Sound-shaping metamaterial bricks. Upper left: 3D rendering of a brick. Upper right: photograph of the fabricated bricks and the grid to contain them; the numbers at the top of each brick denote the corresponding phase shift. Bottom: cross-sections of 16 selected bricks and the corresponding phase maps at normal incidence. Image credit: Gianluca Memoli et al, doi: 10.1038/ncomms14608.
Metamaterials — human-made composites that are engineered to exhibit exotic properties not found in nature — have already shown remarkable results with light manipulation.
But Universities of Sussex researcher Dr. Gianluca Memoli and co-authors have now shown that metamaterials also work with sound waves.
“Finely shaped sound fields are used in medical imaging and therapy as well as in a wide range of consumer products such as audio spotlights and ultrasonic haptics,” the scientists said.
They assembled a metamaterial layer out of lots of small bricks that each coil up space.
The space coiling bricks act to slow down the sound meaning that incoming sound waves can be transformed into any required sound field.
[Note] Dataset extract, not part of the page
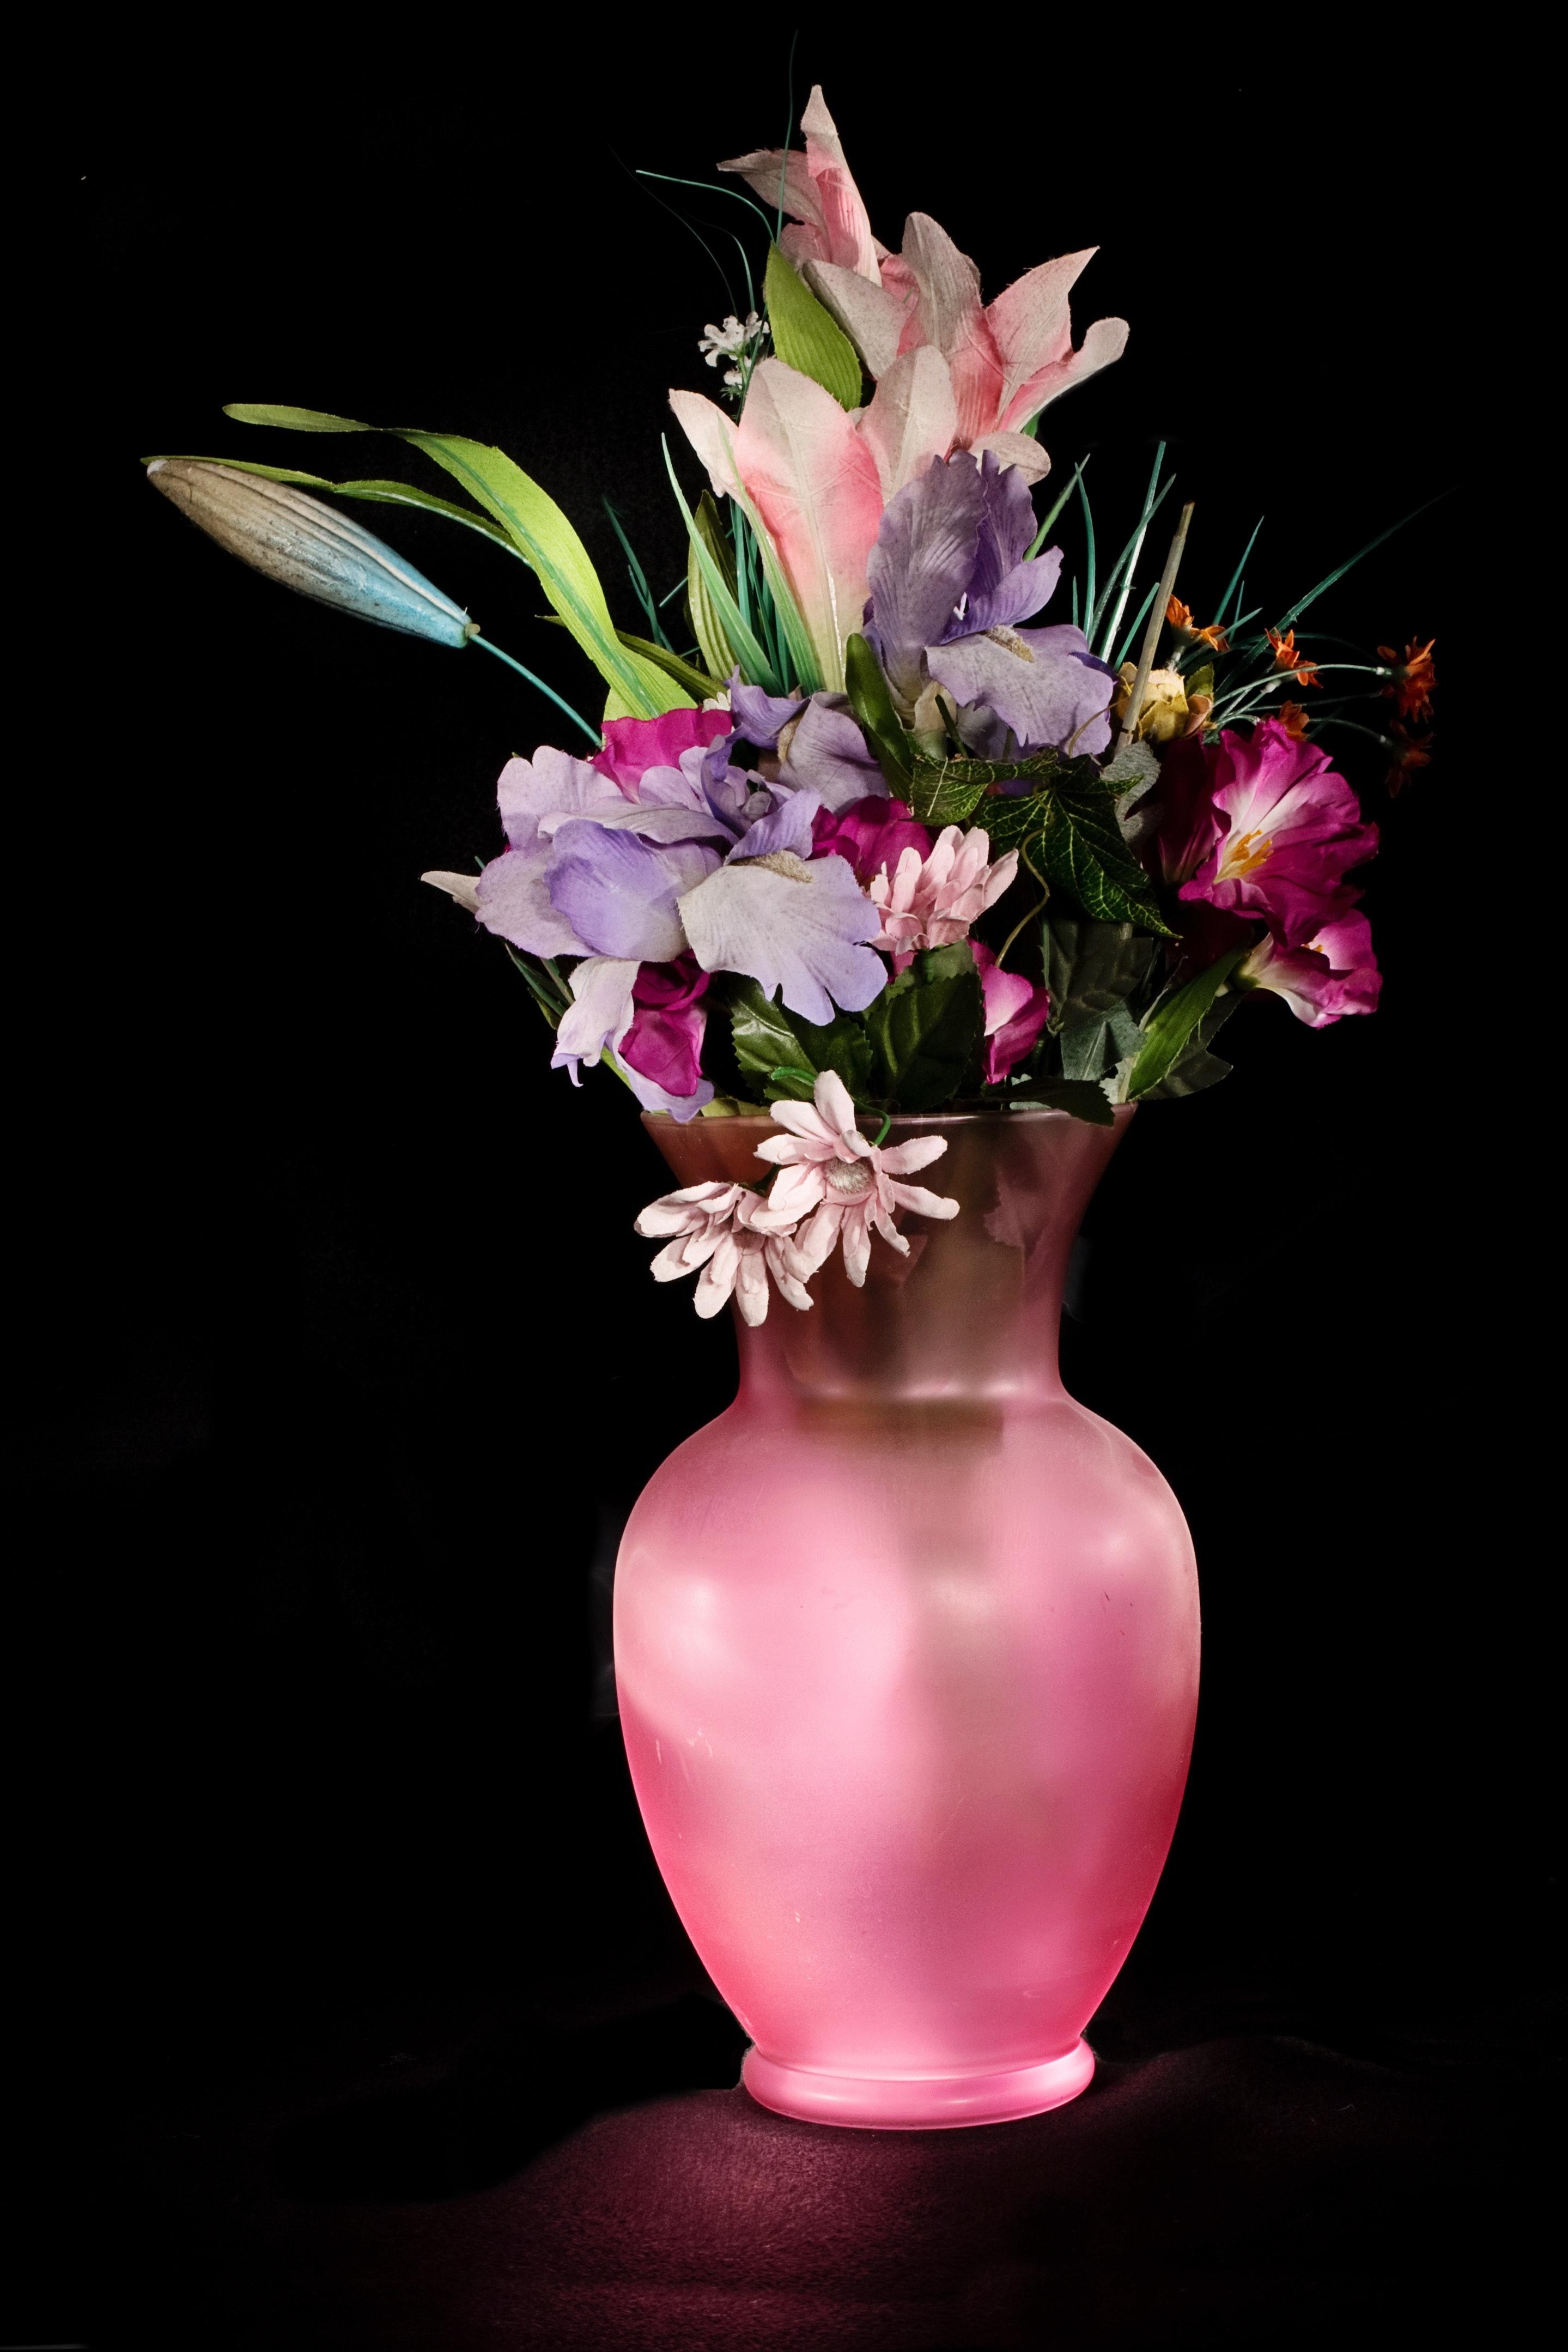 Free stock photos of flower vase pexels flower vase photos reviewsmspy

“Our metamaterial bricks can be 3D printed and then assembled together to form any sound field you can imagine,” Dr. Memoli explained.
“We also showed how this can be achieved with only a small number of different bricks.”
“You can think of a box of our metamaterial bricks as a do-it-yourself acoustics kit.”
“Our metamaterial bricks are designed for operating at 40 kHz, nevertheless the presence of the labyrinth meander means that each brick can also work at lower frequencies,” the authors added.
The new metamaterial layers could be used in many applications:
(i) large versions could be used to direct or focus sound to a particular location and form an audio hotspot;
(ii) much smaller versions could be used to focus high intensity ultrasound to destroy tumors deep within the body. Here, a metamaterial layer could be tailor-made to fit the body of a patient and tuned to focus the ultrasound waves where they are needed most.
In both cases the layer could be fitted to existing loudspeaker technology and be made rapidly and cheaply.
“We want to create acoustic devices that manipulate sound with the same ease and flexibility with which LCDs and projectors do to light,” said senior author Prof. Sriram Subramanian, Head of the Interact Lab at the University of Sussex.
“Our research opens the door to new acoustic devices combining diffraction, scattering and refraction, and enables the future development of fully digital spatial sound modulators, which can be controlled in real time with minimal resources.”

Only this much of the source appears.